Administration of the compounds or compositions of the present invention may be by any suitable method, such as intravenous infusion, oral preparations, and intraperitoneal and intravenous administration. We prefer that infusion times of up to 24 hours are used, more preferably 1-12 hours, with 1-6 hours most preferred. Short infusion times which allow treatment to be carried out without an overnight stay in hospital are especially desirable. However, infusion may be 12 to 24 hours or even longer if required. Infusion may be carried out at suitable intervals of say 1 to 4 weeks. Pharmaceutical compositions containing compounds of the invention may be delivered by liposome or nanosphere encapsulation, in sustained release formulations or by other standard delivery means.

The correct dosage of the compounds will vary according to the particular formulation, the mode of application, and the particular situs, host and tumour being treated. Other factors like age, body weight, sex, diet, time of administration, rate of excretion, condition of the host, drug combinations, reaction sensitivities and severity of the disease shall be taken into account. Administration can be carried out continuously or periodically within the maximum tolerated dose.

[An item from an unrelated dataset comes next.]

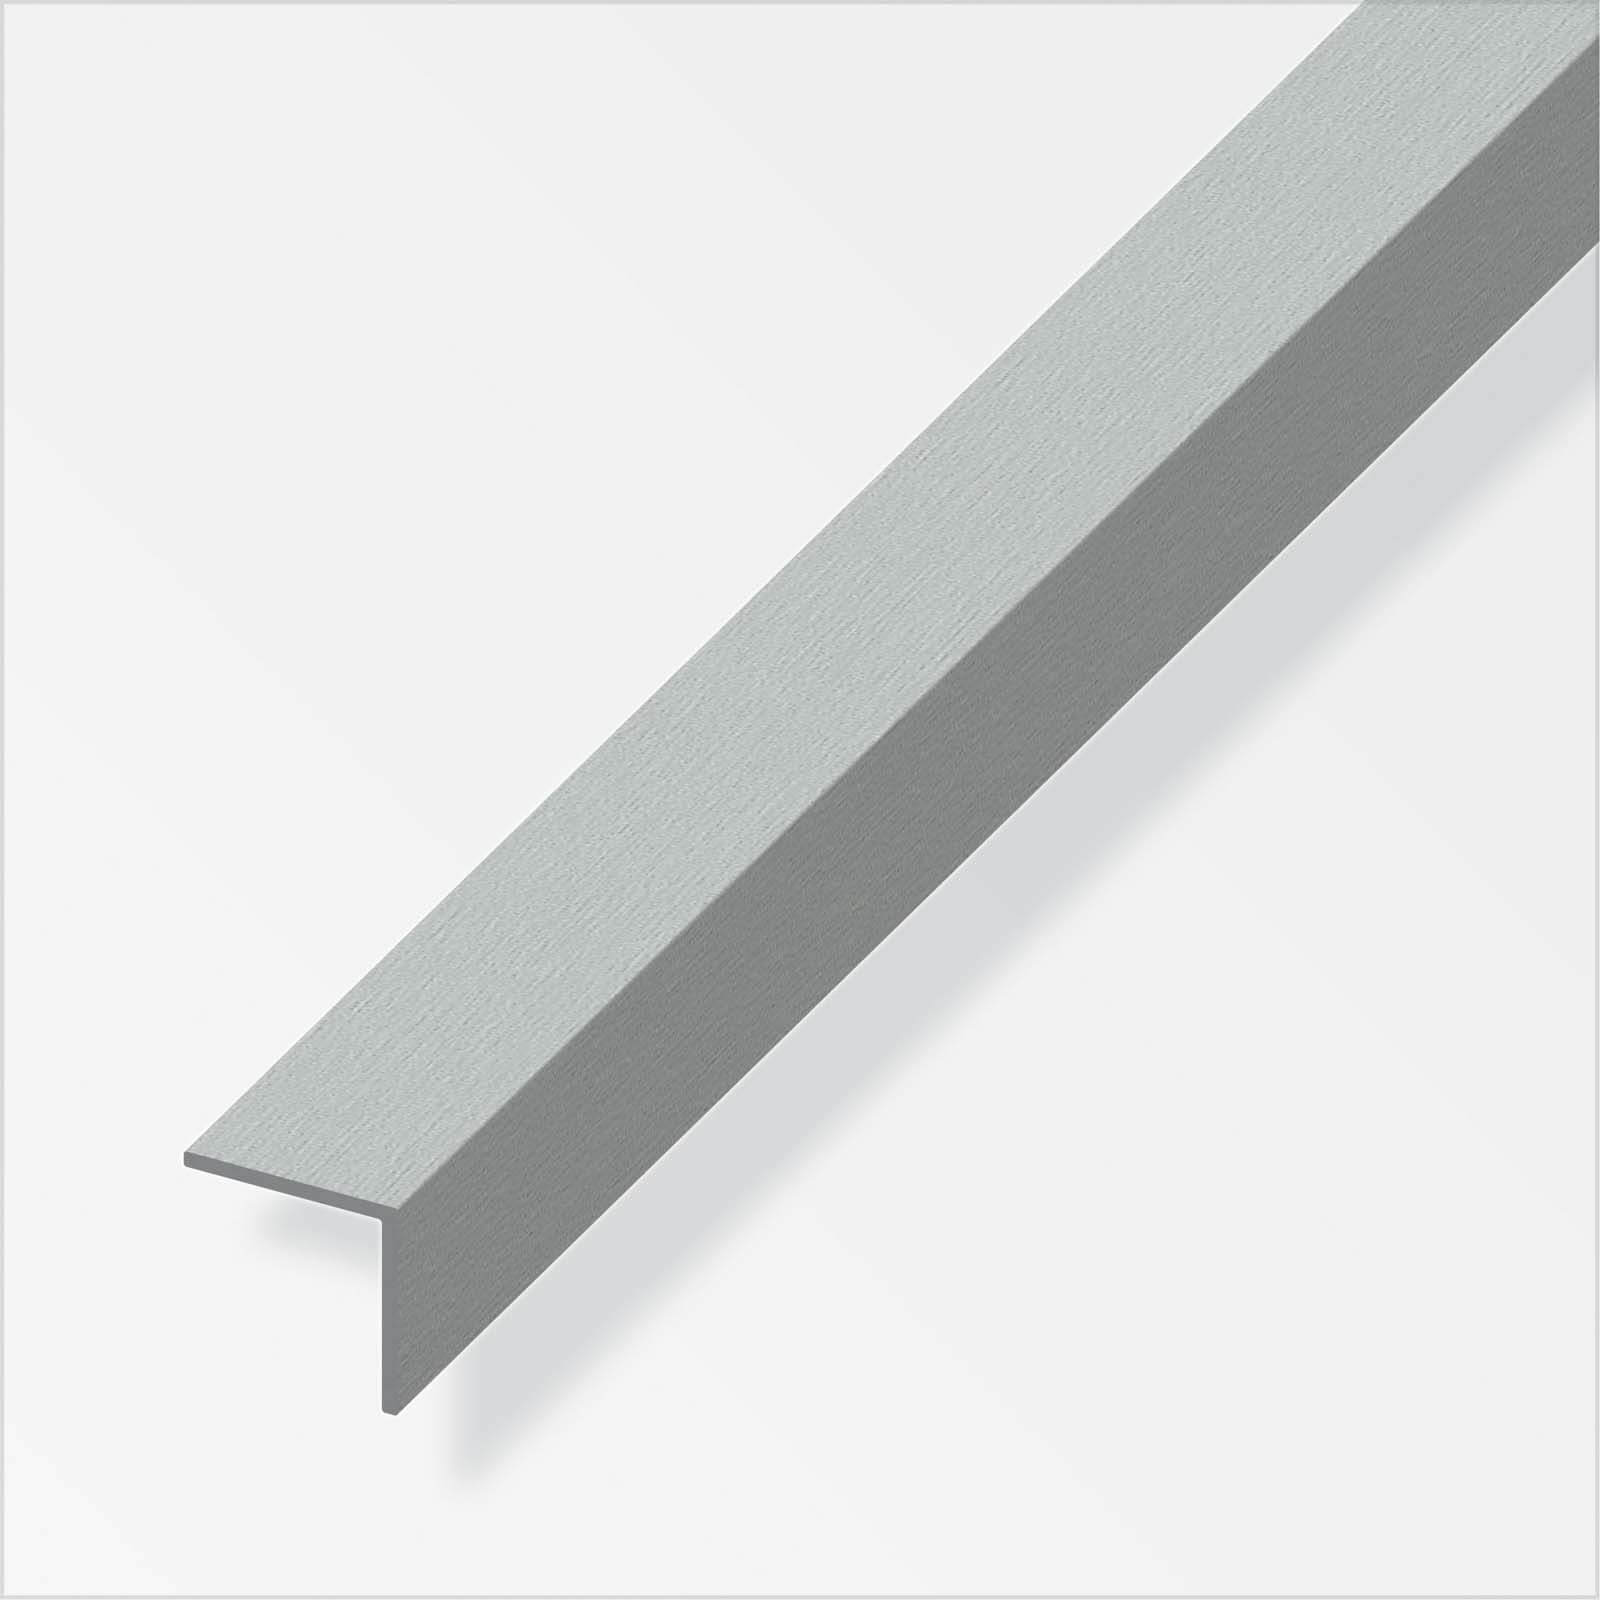 Aluminium Equal Angle Profile - Brushed Stainless Steel - 15mm x 15mm x 1m

As used herein, the terms “treat”, “treating” and “treatment” include the eradication, removal, modification, or control of a tumor or primary, regional, or metastatic cancer cells or tissue and the minimization or delay of the spread of cancer.

The compounds of the invention have anticancer activity against several cancers types which include, but are not limited to, lung cancer, colon cancer, and breast cancer.

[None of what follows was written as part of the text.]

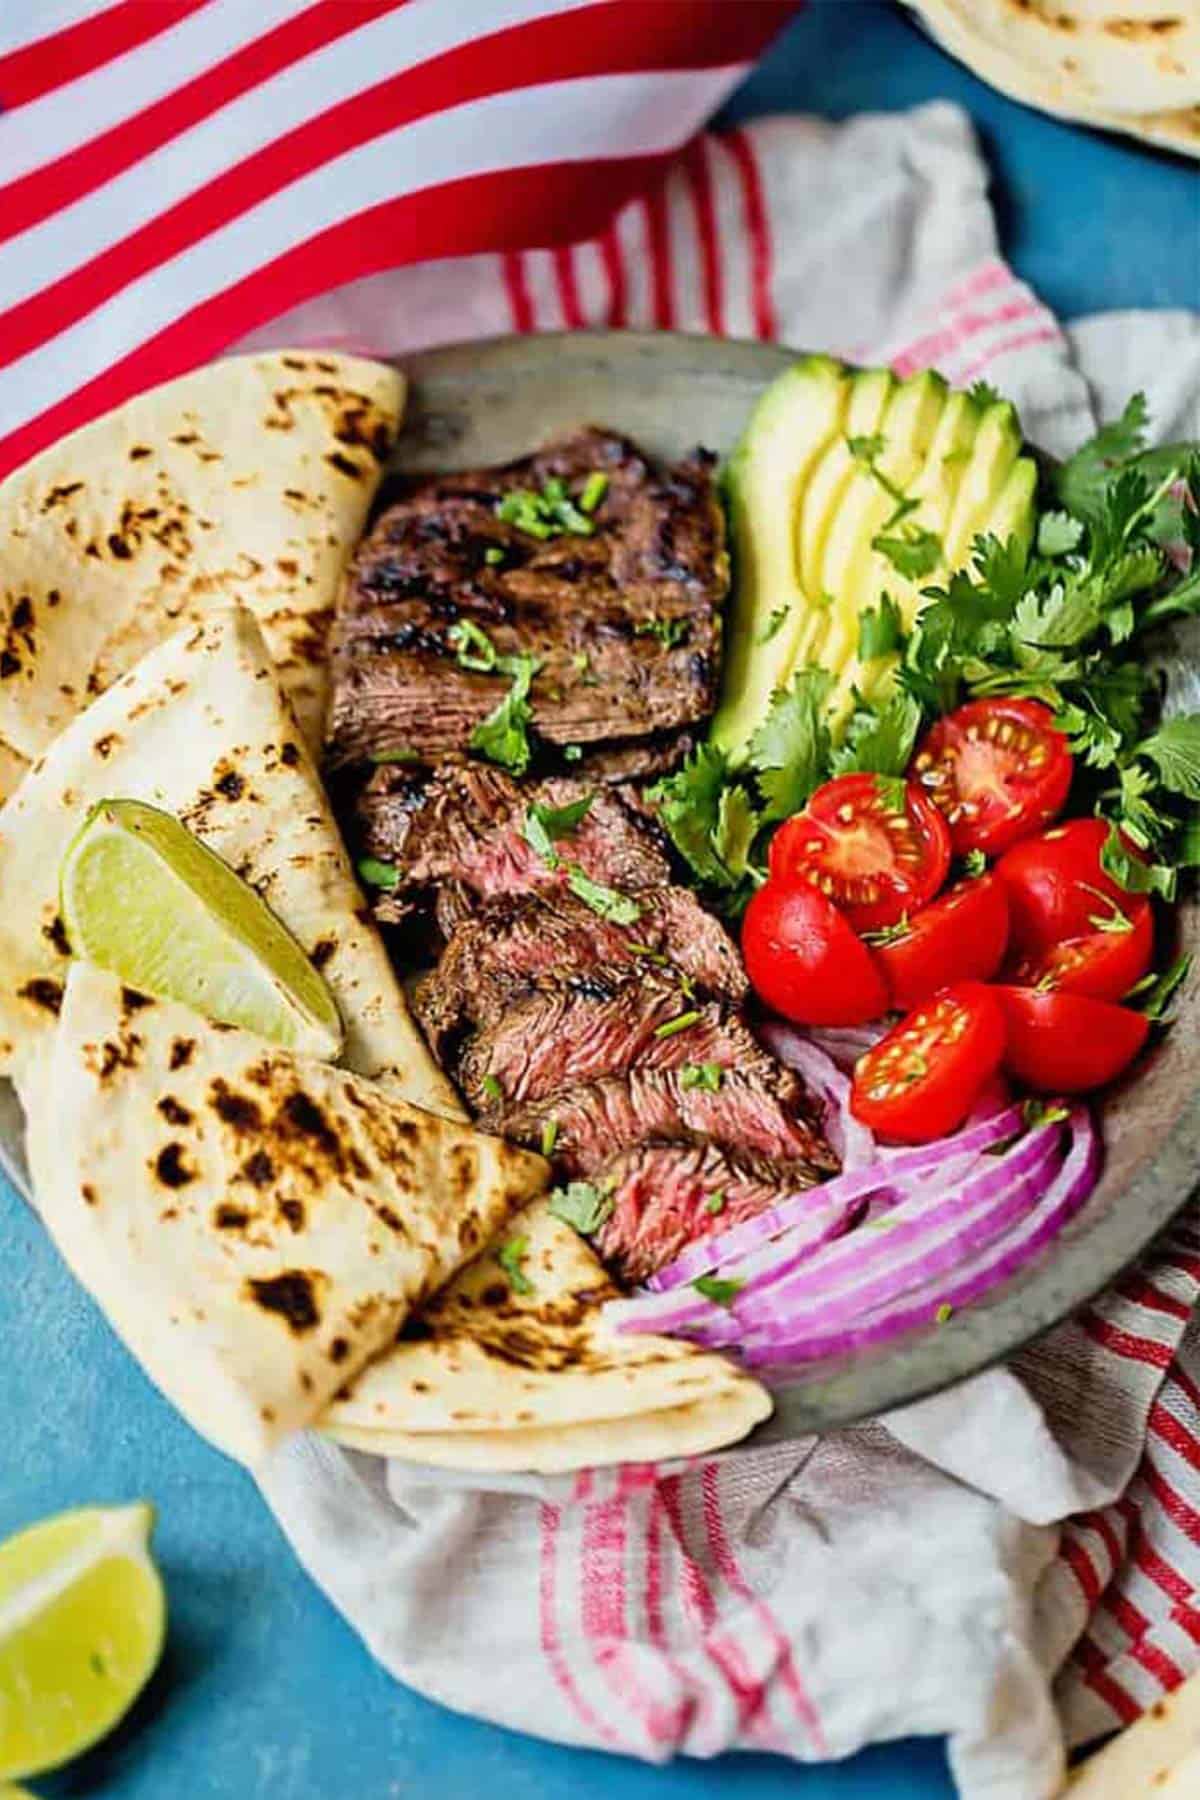 Carne asada recipe sliced on a platter with tortillas and limes scattered around

Thus, in alternative embodiments of the present invention, the pharmaceutical composition comprising the compounds of formula (I) as defined above is for the treatment of lung cancer, colon cancer or breast cancer.

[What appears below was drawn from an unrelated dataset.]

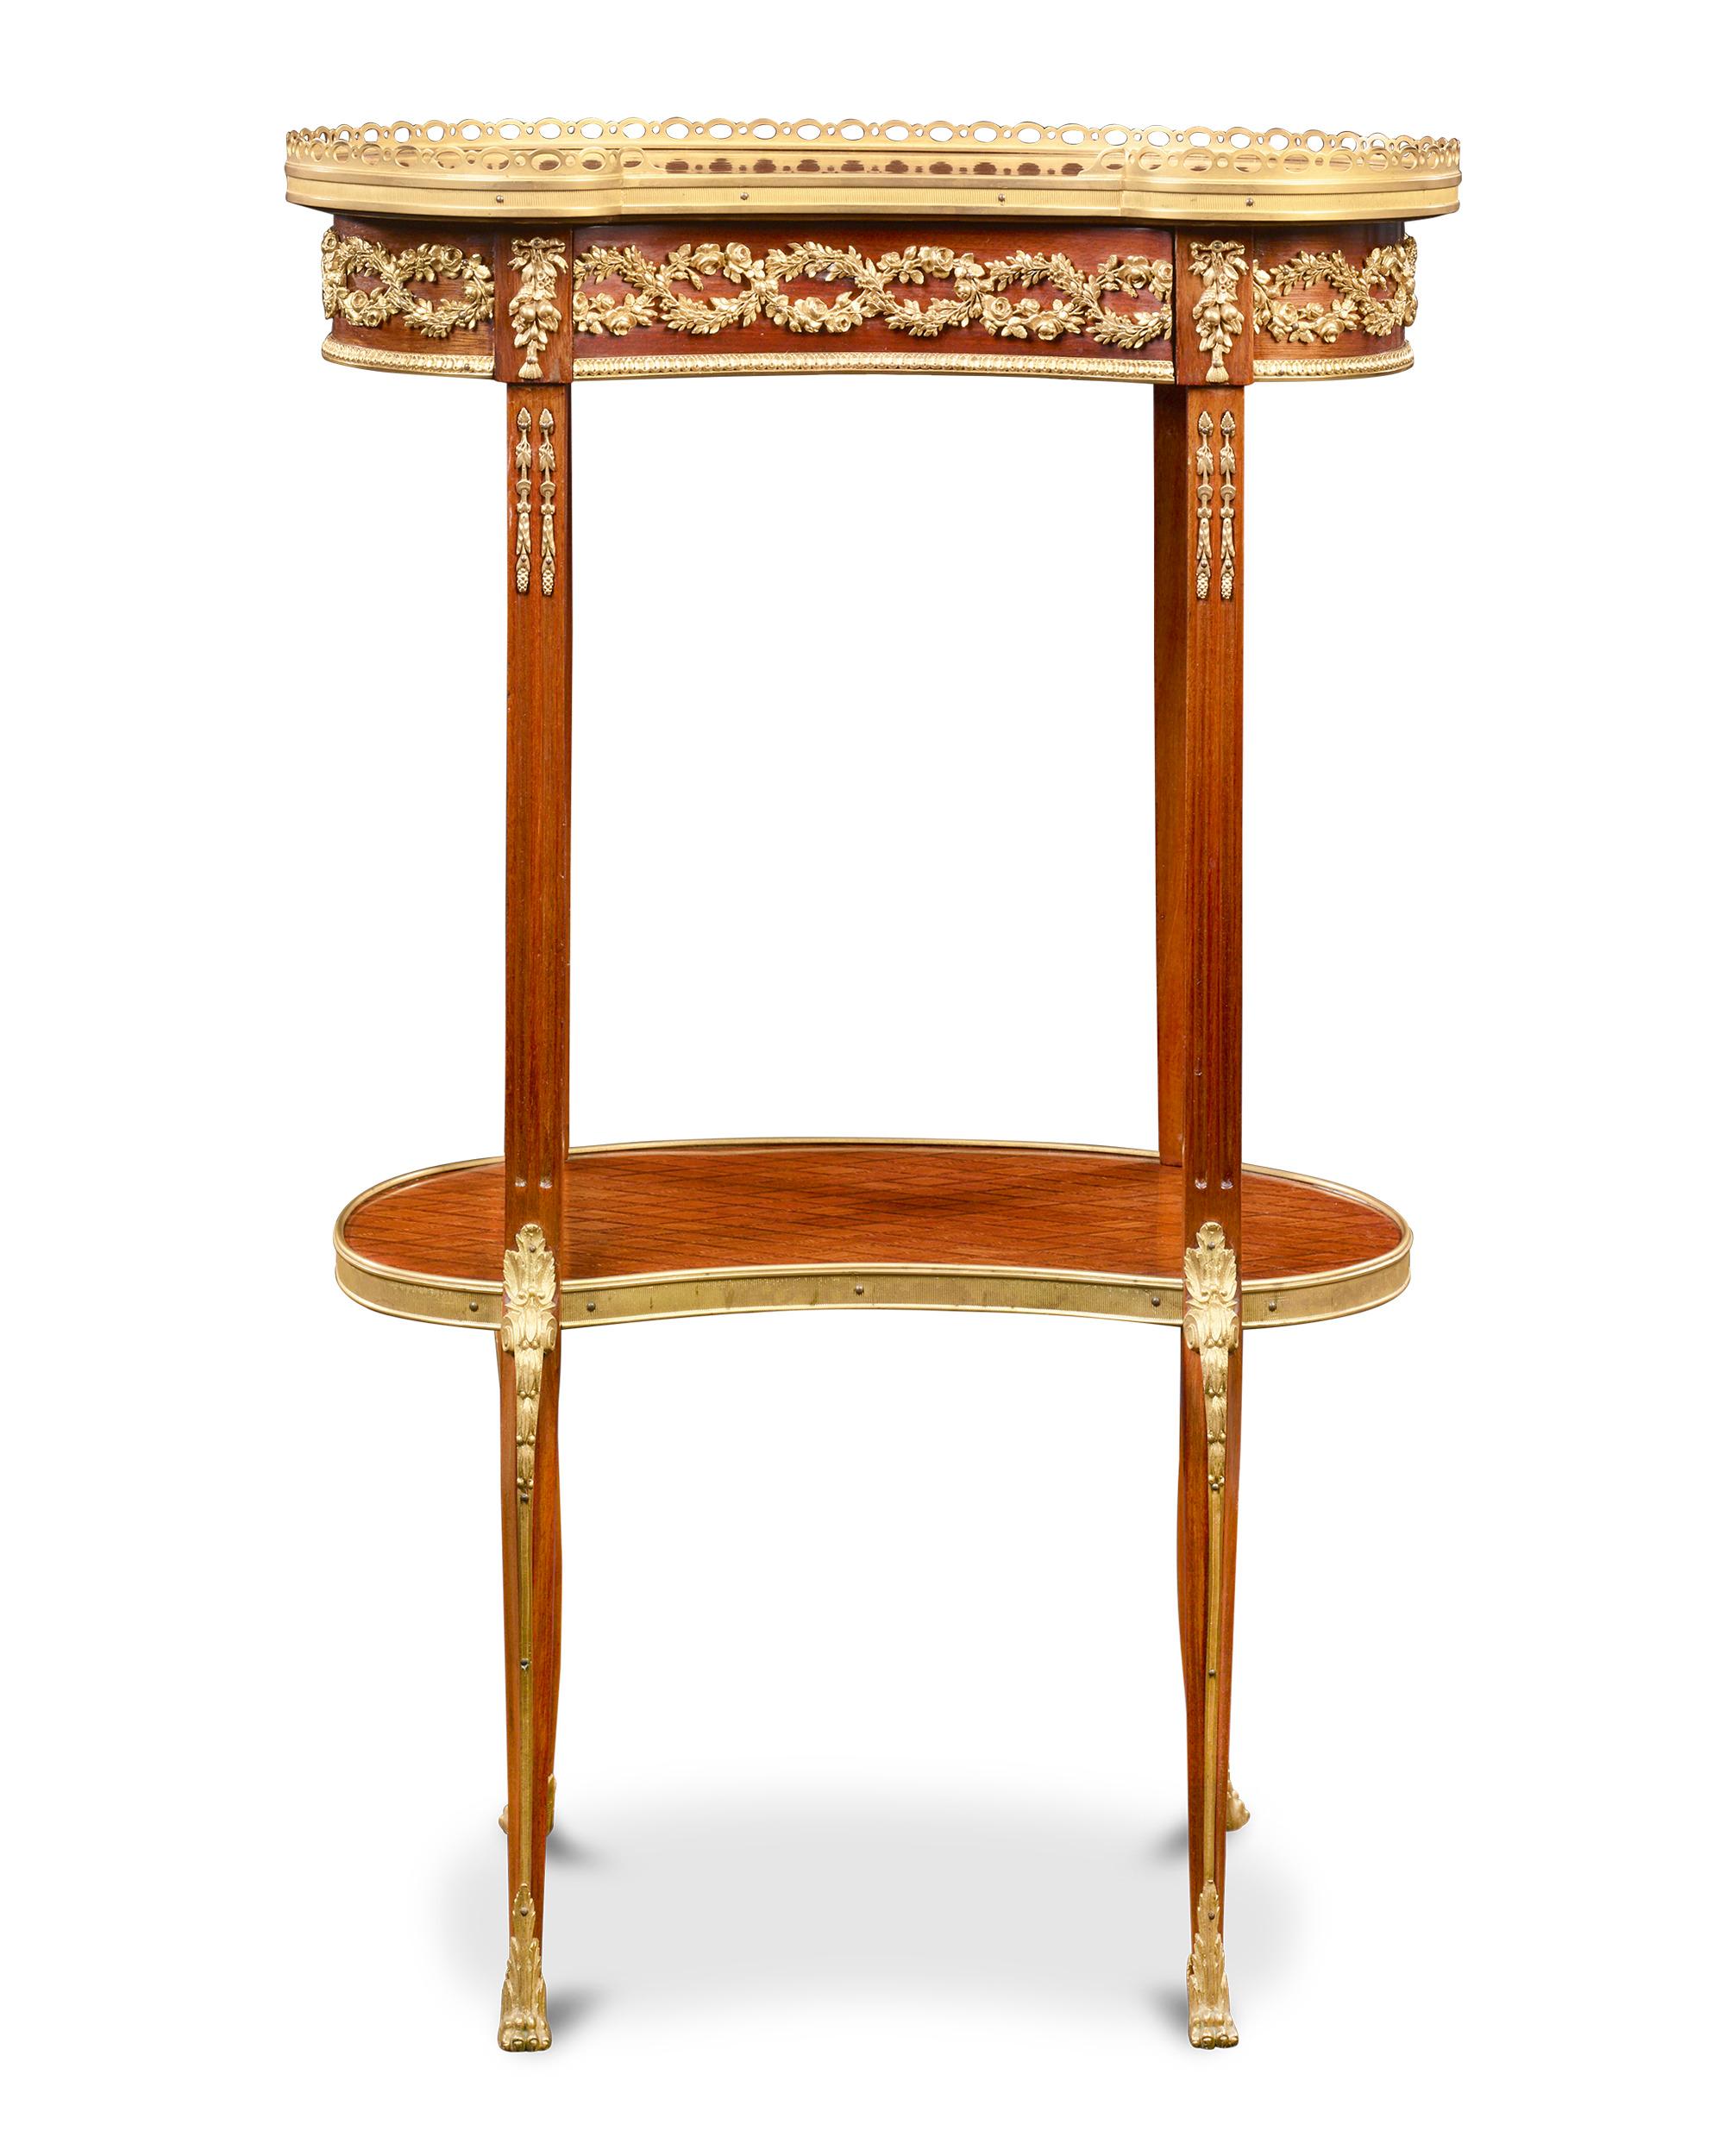 Fashioned in the Louis XVI style, this elegant kidney-shaped French marquetry side table is decorated with a rich diamond pattern inlay. The natural warmth of the wood shines through and is flawlessly complemented by the classically-inspired doré

EXAMPLES Example 1 Description of the Marine Organism and Collection Site

Homophymia lamellosa Vacelet & Vasseur, 1971 was collected by hand using SCUBA diving in Saint Marie Island, Madagascar (17° 07. 436′ S/49° 47. 525′ E) at depths ranging between 3 and 7 m.

Example 2 Isolation of Pipecolidepsin A

The frozen specimen of Example 1 (82 g) was diced and extracted with H₂O (3×300 mL) and then with a mixture of CH₃OH:CH₂Cl₂(50:50, 3×300 mL) at room temperature. The combined aqueous and organic extracts were concentrated separately to yield residues of 2.82 g and 700 mg, respectively.

The aqueous extract was subjected to VLC on Lichroprep RP-18 with a stepped gradient from H₂O to CH₃OH. The fraction eluted with CH₃OH:H₂O (3:1, 58.7 mg) was subjected to semipreparative reversed phase HPLC (SymmetryPrep C₁₈, 7 μm, 7.8×150 mm, gradient H₂O+0.1% TFA:CH₃CN+0.1% TFA from 25 to 40% CH₃CN in 22 min and then from 40 to 100% in 6 min, UV detection, flow 2.5 mL/min). A fraction with a retention time from 20 to 26 min of this chromatography was further purified by semipreparative reversed phase HPLC (Atlantis dC₁₈, 10 μm, 10×150 mm, isocratic H₂O+0.1% TFA:CH₃CN+0.1% TFA (64:36), UV detection, flow 2.5 mL/min), to yield Pipecolidepsin A (3 mg, retention time: 31.45 min).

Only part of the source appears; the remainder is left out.